Given data:
== == ==

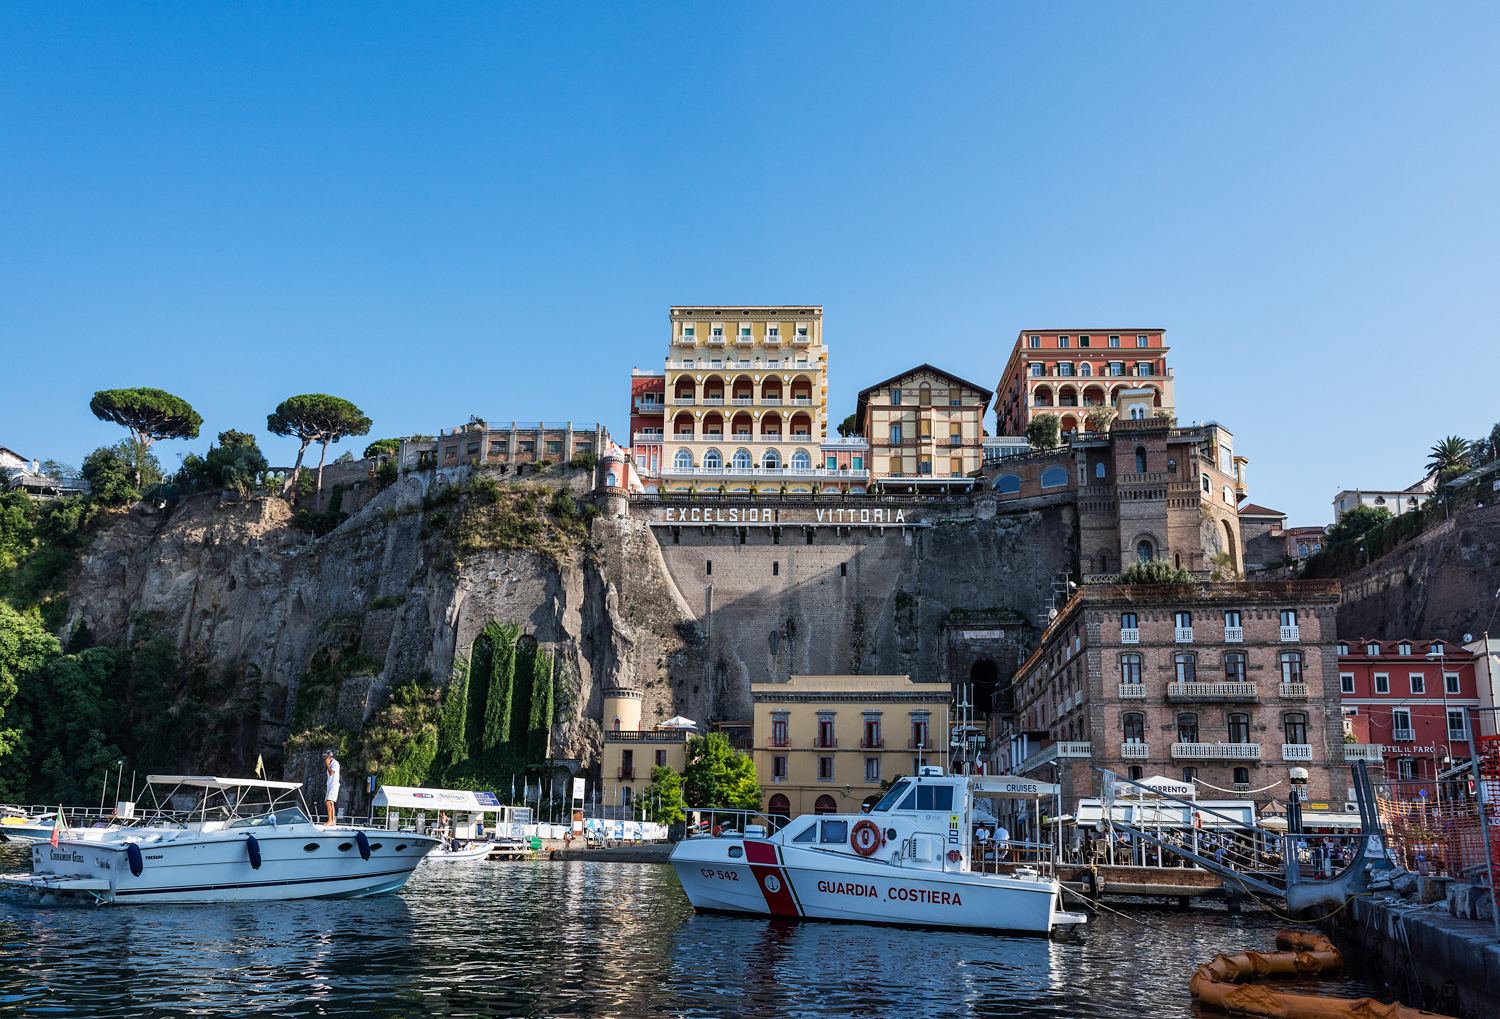 The town of Sorrento sits atop cliffs overlooking the Bay of Naples. Image by John Greim / LightRocket / Getty
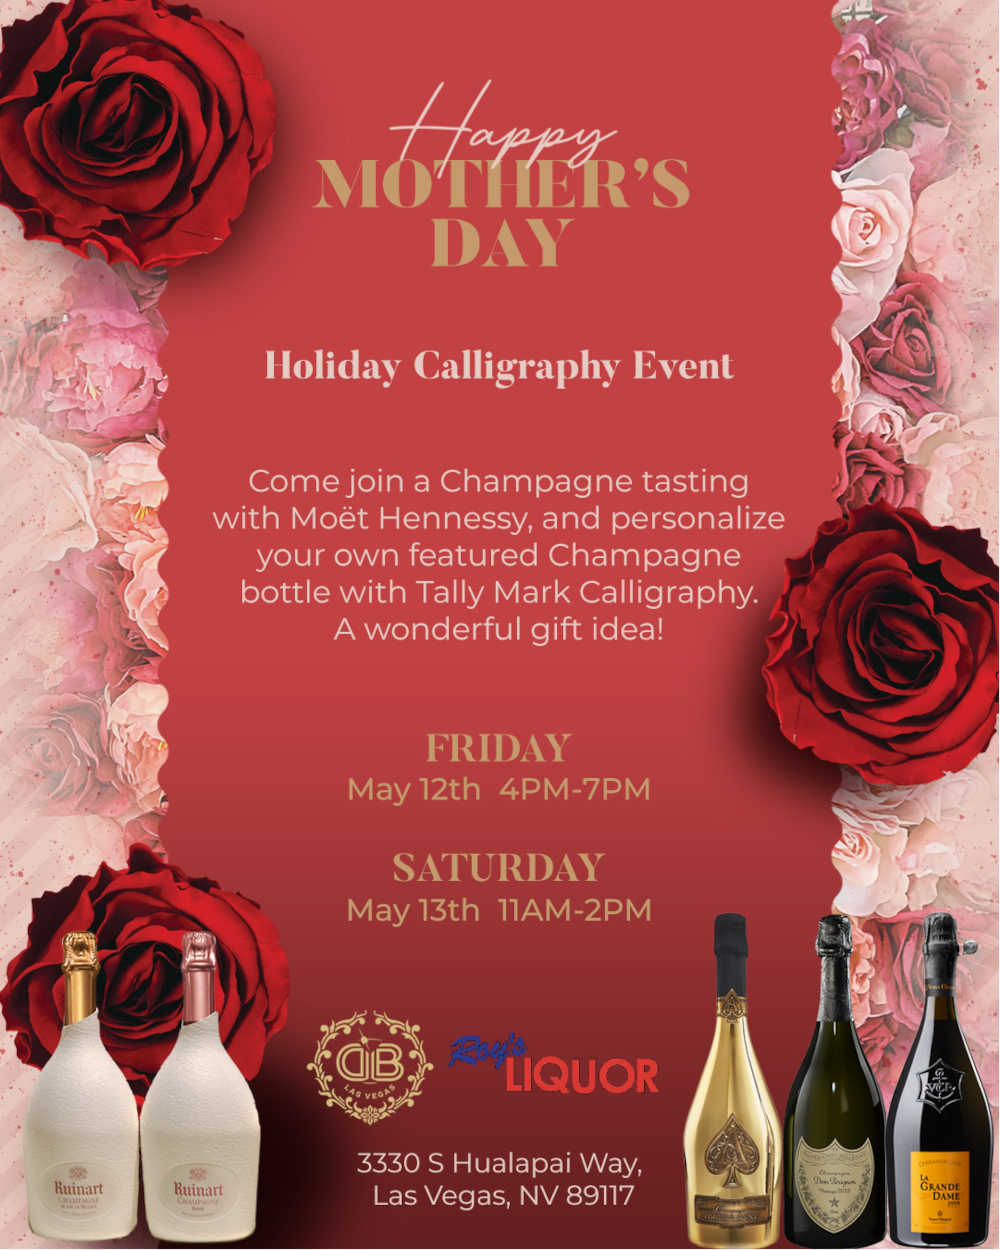 Happy Mothers Day - Holiday Calligraphy Event
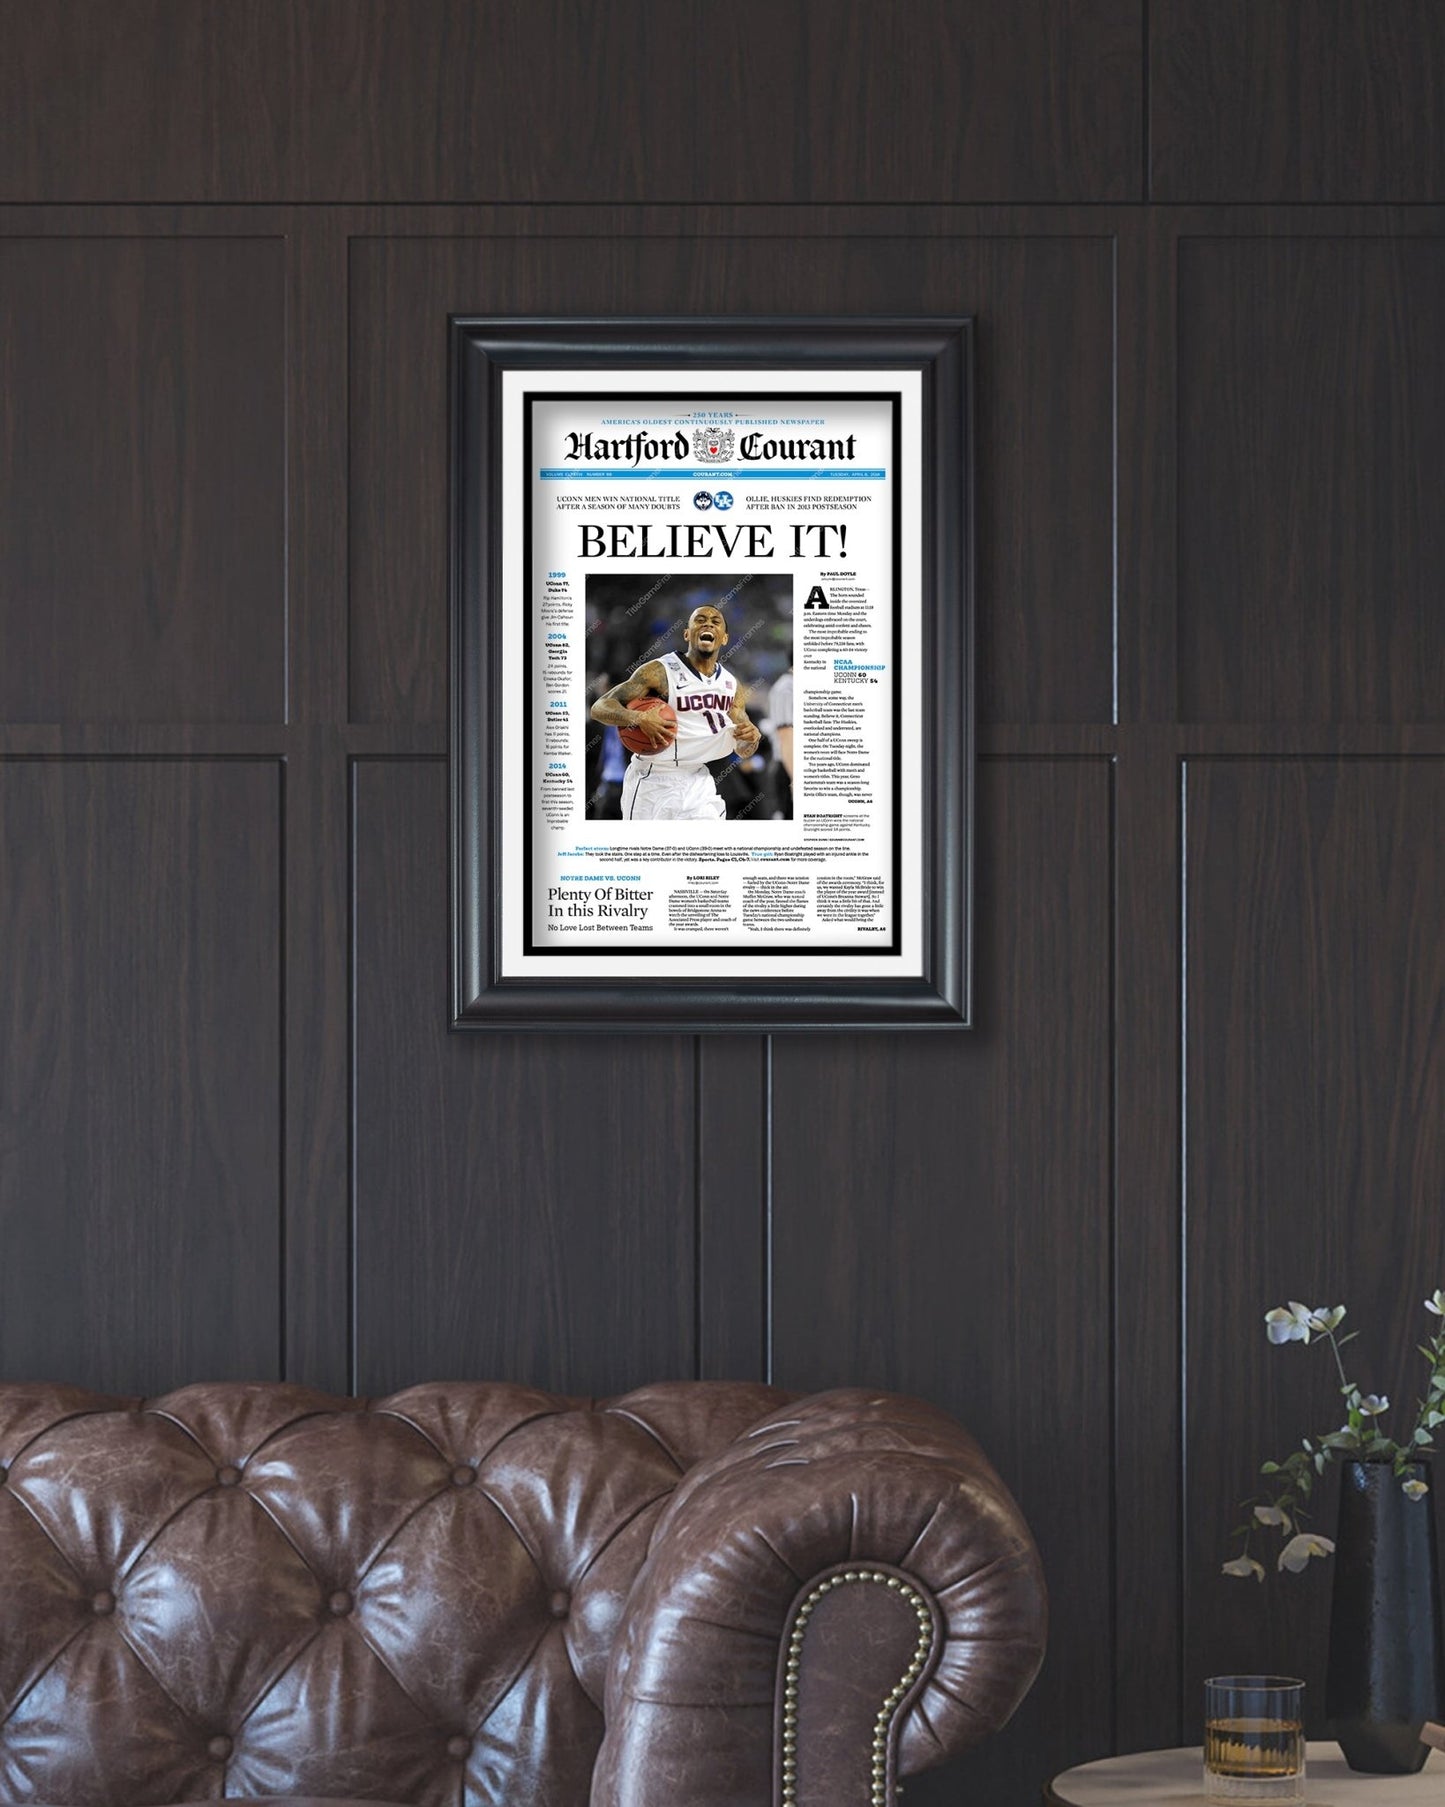 2014 UConn Huskies NCAA College Basketball Champions 'BELIEVE IT!' Framed Front Page Newspaper - Title Game Frames

== == ==

Exercise description:
In your answer, copy exactly the lines running from the line with "Happy Mothers Day" to the end of the material above, both included, and omit all pictures.

Exercise solution:
 Happy Mothers Day - Holiday Calligraphy Event
 2014 UConn Huskies NCAA College Basketball Champions 'BELIEVE IT!' Framed Front Page Newspaper - Title Game Frames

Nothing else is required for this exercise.